Like Dominick and Raoul, quite a few of my patients balk at the idea of deliberateness when it comes to sex. They find these strategies too laborious for the long haul, believing they should no longer be necessary after the initial conquest. “Seducing my partner? Do I still have to do that?” This reluctance is often a covert expression of an infantile wish to be loved just as we are, without any effort whatsoever on our part, because we’re so special. It’s the grandiosity of the baby, and we all carry it inside. “I don’t want to! Why should I? You’re supposed to love me no matter what!” The sex therapist Margaret Nichols observes that though your partner may still love you if you gain fifty pounds and shuffle around the house in bunny slippers and a stained T-shirt, he probably won’t get hard for you (and she won’t get wet).

“Is the titillation of seduction only the privilege of those who date?” I ask Dominick. “Just because you live with someone doesn’t necessarily mean he’s readily available. If anything, he requires more attention, not less. If you want sex to remain humid, this is the kind of attention you have to bring to it. No, not every day, but once in a while can you make a meal of Raoul?”

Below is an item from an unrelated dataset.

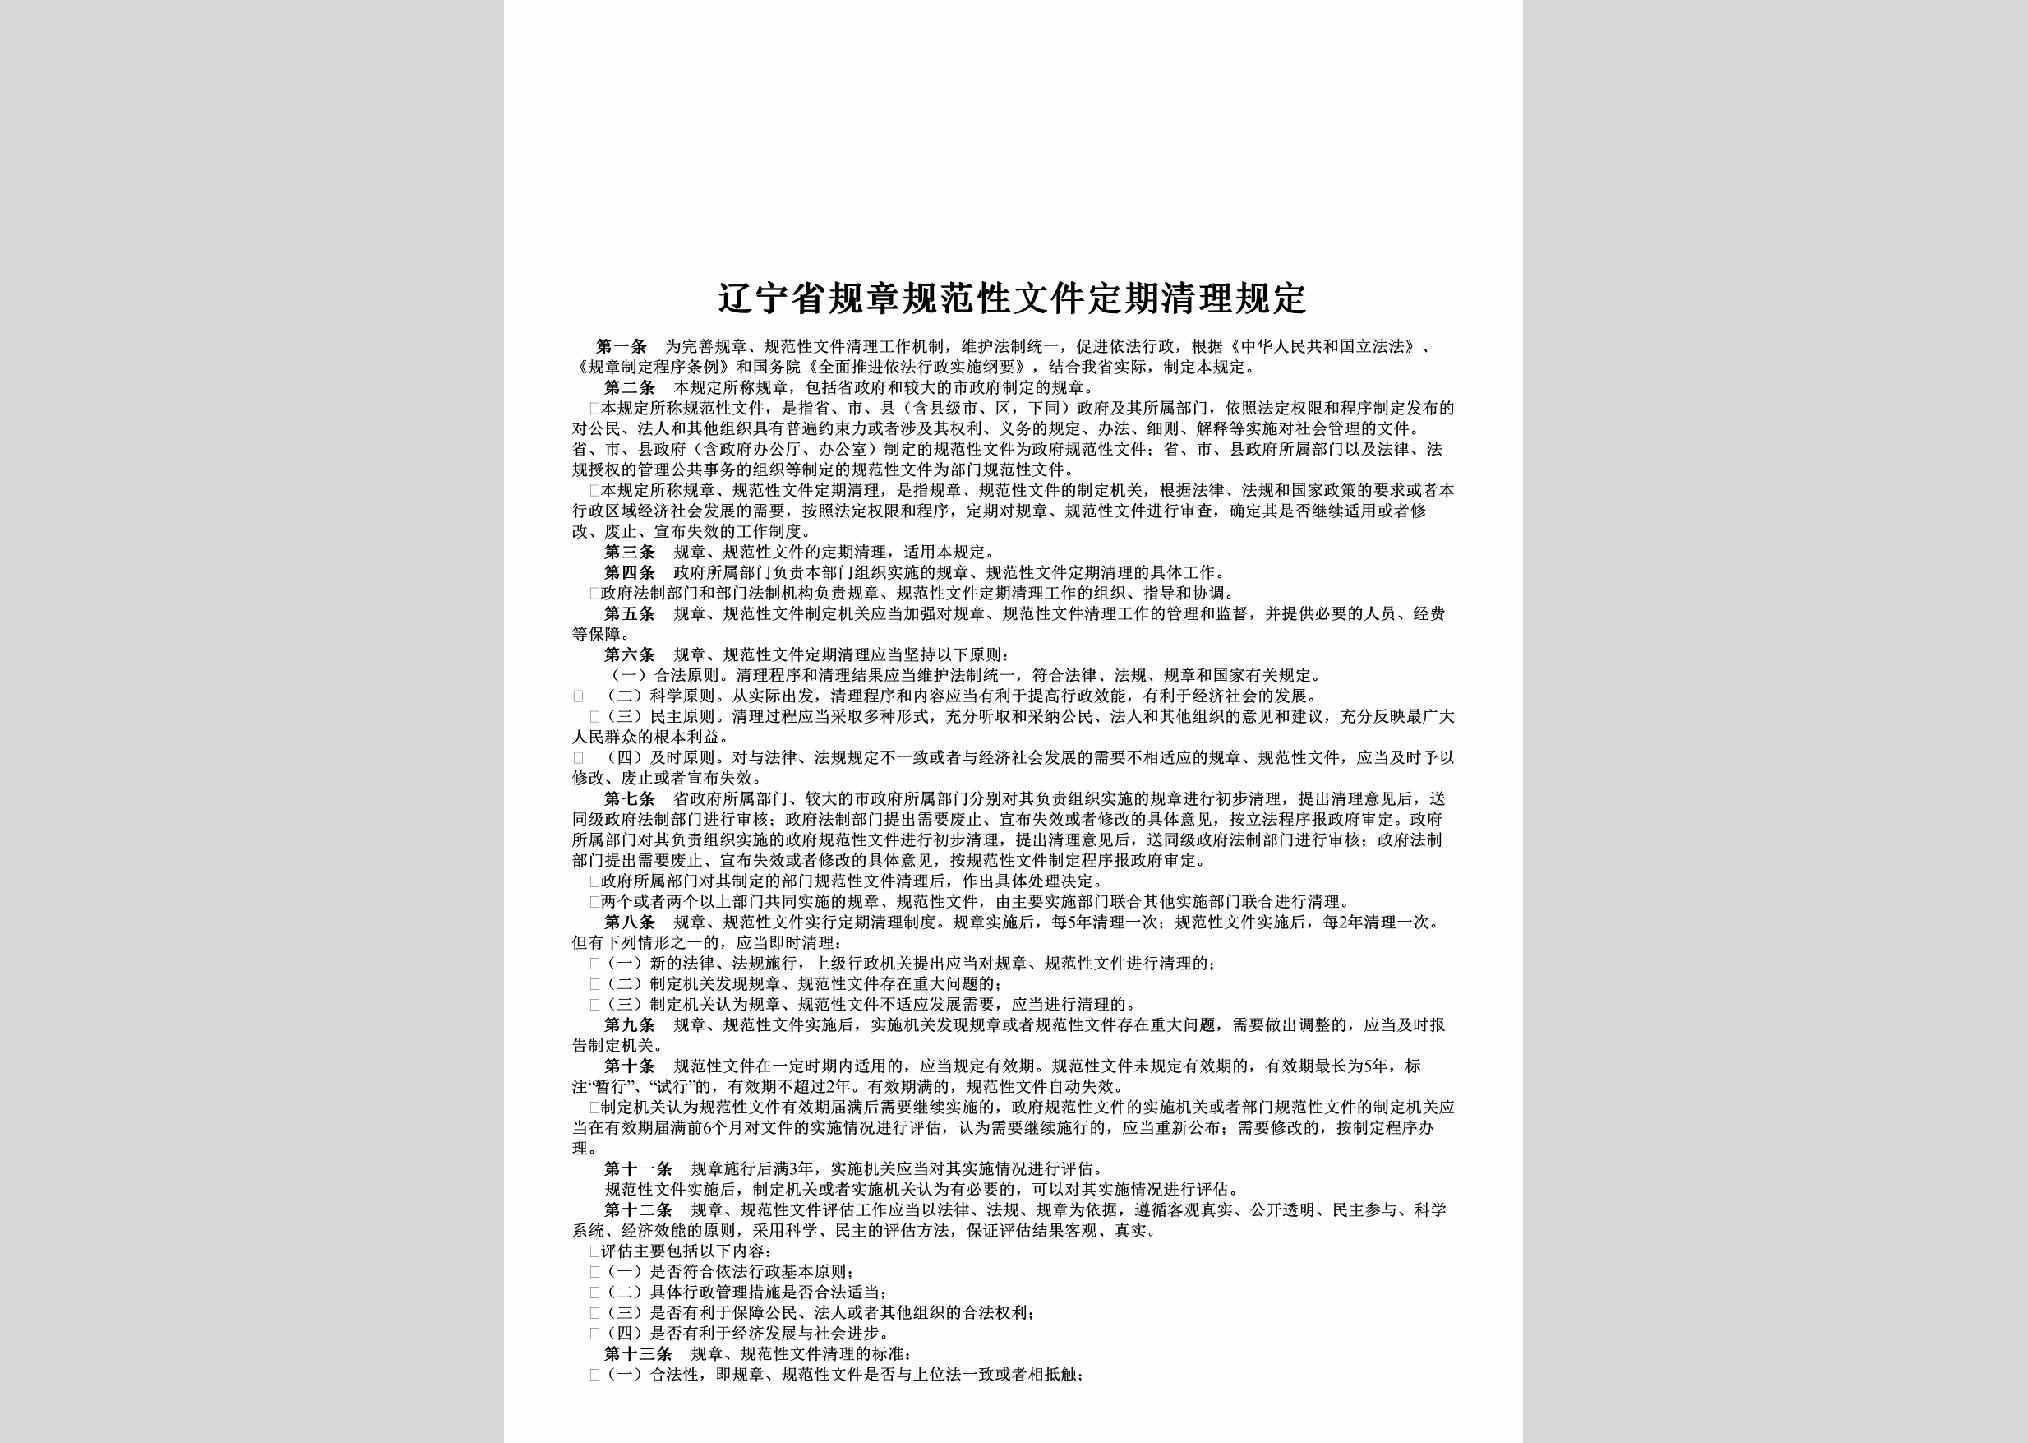 LN-WJDQQLGD-2009：辽宁省规章规范性文件定期清理规定

Planning Creates Anticipation

Anticipation implies that we are looking forward to something. It is an important ingredient of desire, and planning for sex helps to generate it. When Dominick prepares his osso buco, he can almost taste it in advance. He imagines Raoul’s surprise and pleasure. He hopes it will make his boyfriend feel special, and he envisions Raoul’s gratitude. Fantasy is the mortar of anticipation. It’s a way of imagining what something is going to be like. It’s a kind of foreplay that takes place outside the couple’s direct interaction. Anticipation is part of building a plot; that is why romance novels and soap operas are filled with it.

I believe that longing, waiting, and yearning are fundamental elements of desire that can be generated with forethought, even in long-term relationships. When Nile and Sarah go out on Saturday, they often have a few things planned. Dinner, music, and—later—sex. In the past, an entire evening’s worth of wooing was undone the instant Sarah had to pay the babysitter. “All of a sudden, I’d be the mother again, and all that tension we worked to build up would just vanish. Now, Nile deals with the babysitter and I go straight to the bedroom. It’s an arrangement that lets me keep up the momentum.” Sarah and Nile have three kids who keep her running all day, every day. She has made it very clear to Nile that it takes a lot to get her out of that role, and very little for her to slip back in. “I used to think that it was a matter of being in the mood, but I was disabused of that idea a long time ago. Waiting for the mood is like waiting for the Second Coming. I like the planning. It gives me something to look forward to when I’m playing with Barbies and checking homework.”